MATERIAL PROVIDED »
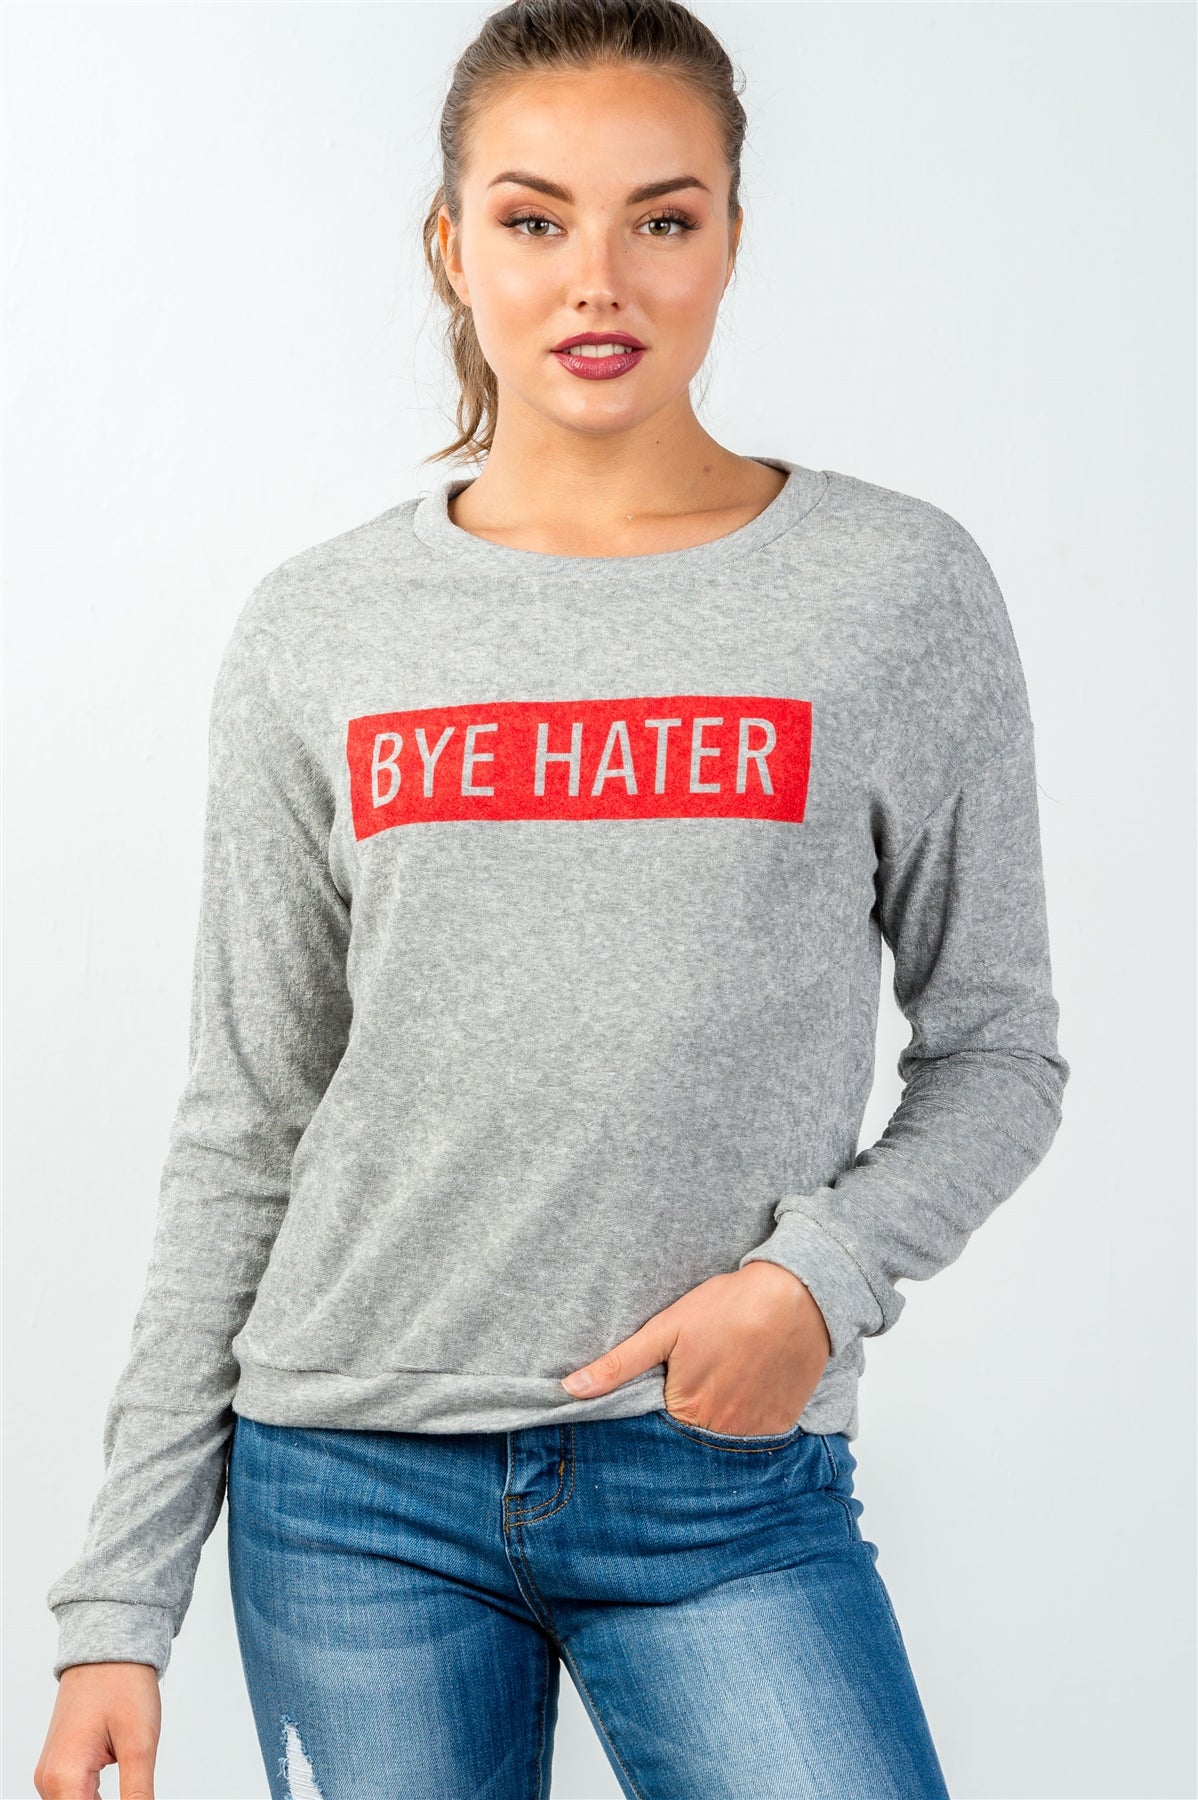 Ladies fashion crew neckline grey bye hater graphic sweatshirt
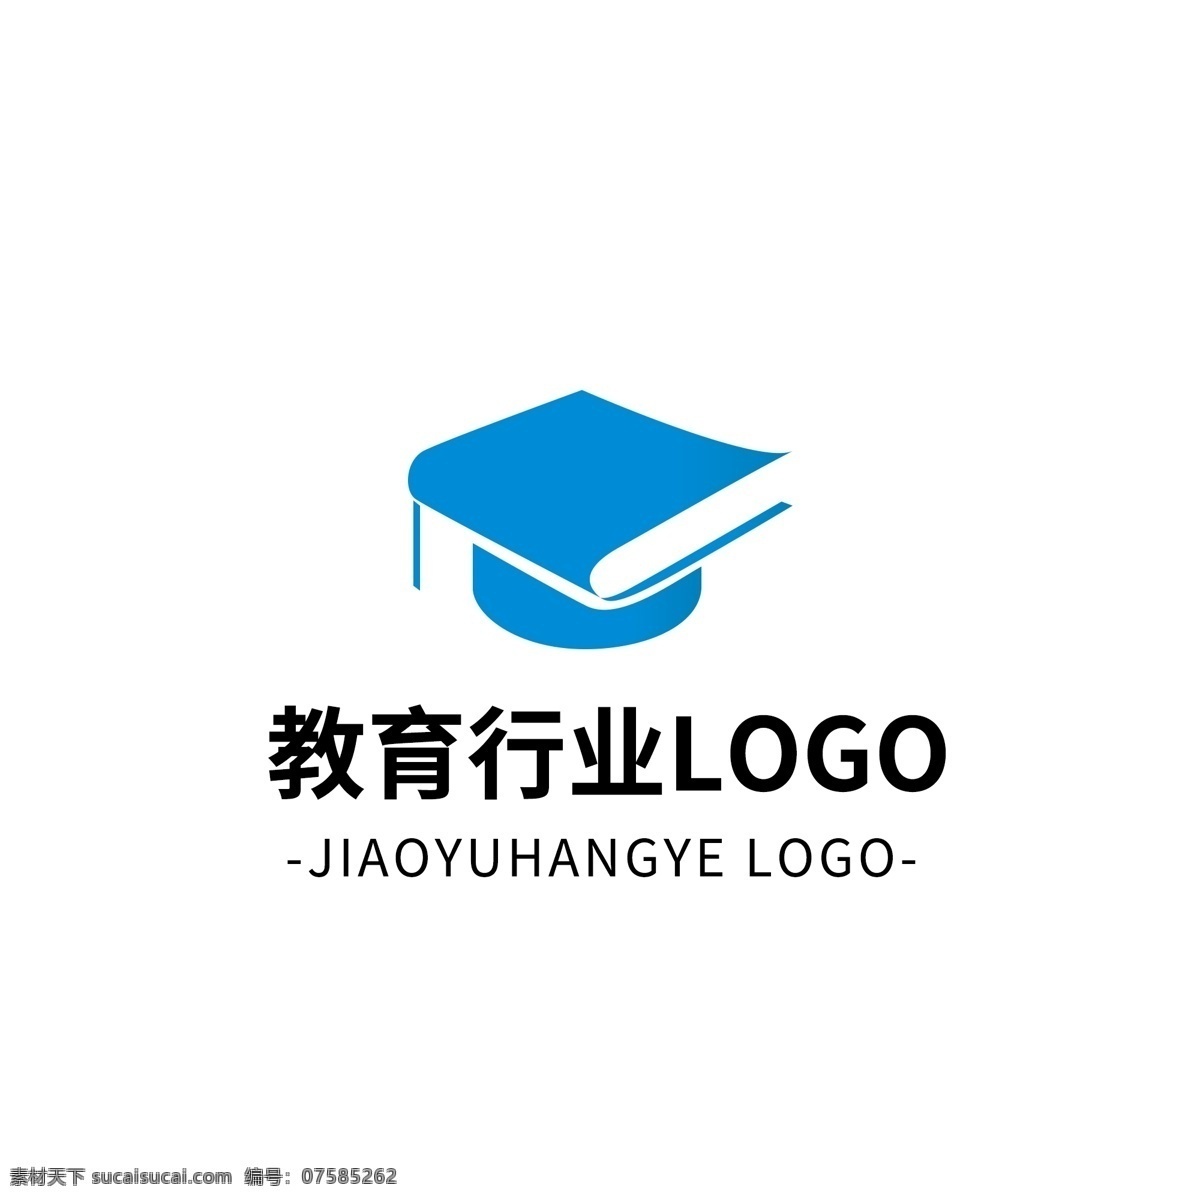 简约 大气 创意 教育 行业 logo 标志设计 蓝色c 图形 矢量d
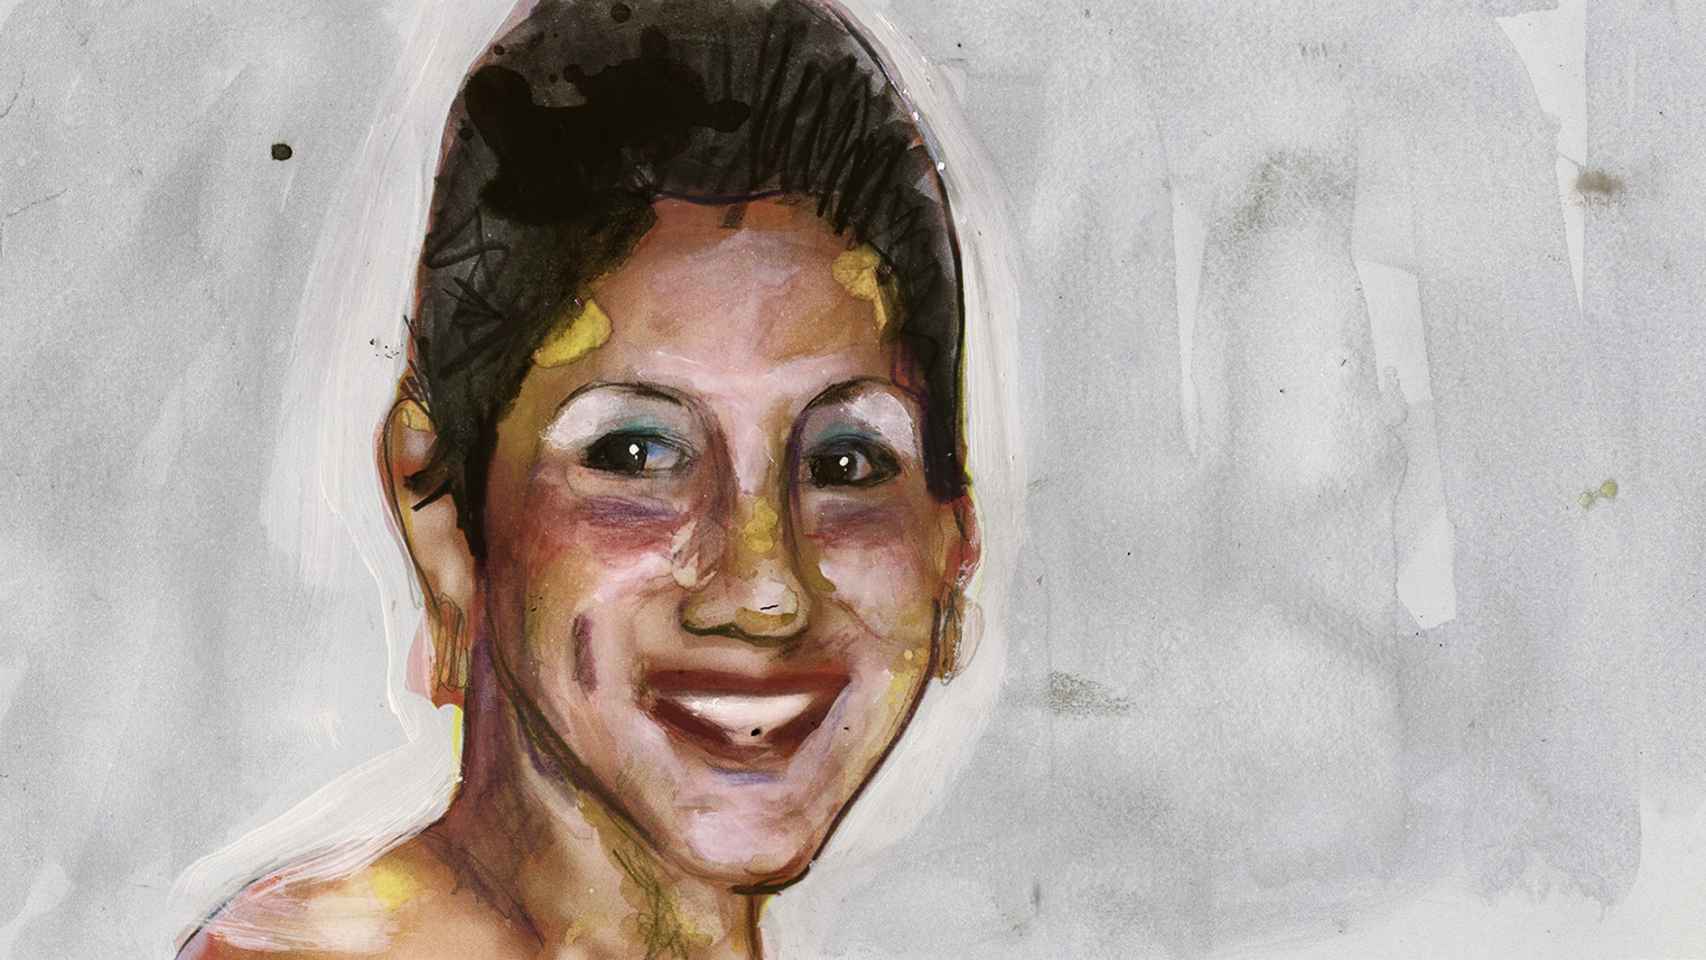 Ilustración de Erika Lorena Bonilla basada en una imagen real de la decimonovena víctima de la violencia machista.

WORK TASK » Reproduce the material in full, word for word, and omit the pictures.

YOUR RESPONSE »
 Ladies fashion crew neckline grey bye hater graphic sweatshirt
 简约 大气 创意 教育 行业 logo 标志设计 蓝色c 图形 矢量d
 Ilustración de Erika Lorena Bonilla basada en una imagen real de la decimonovena víctima de la violencia machista.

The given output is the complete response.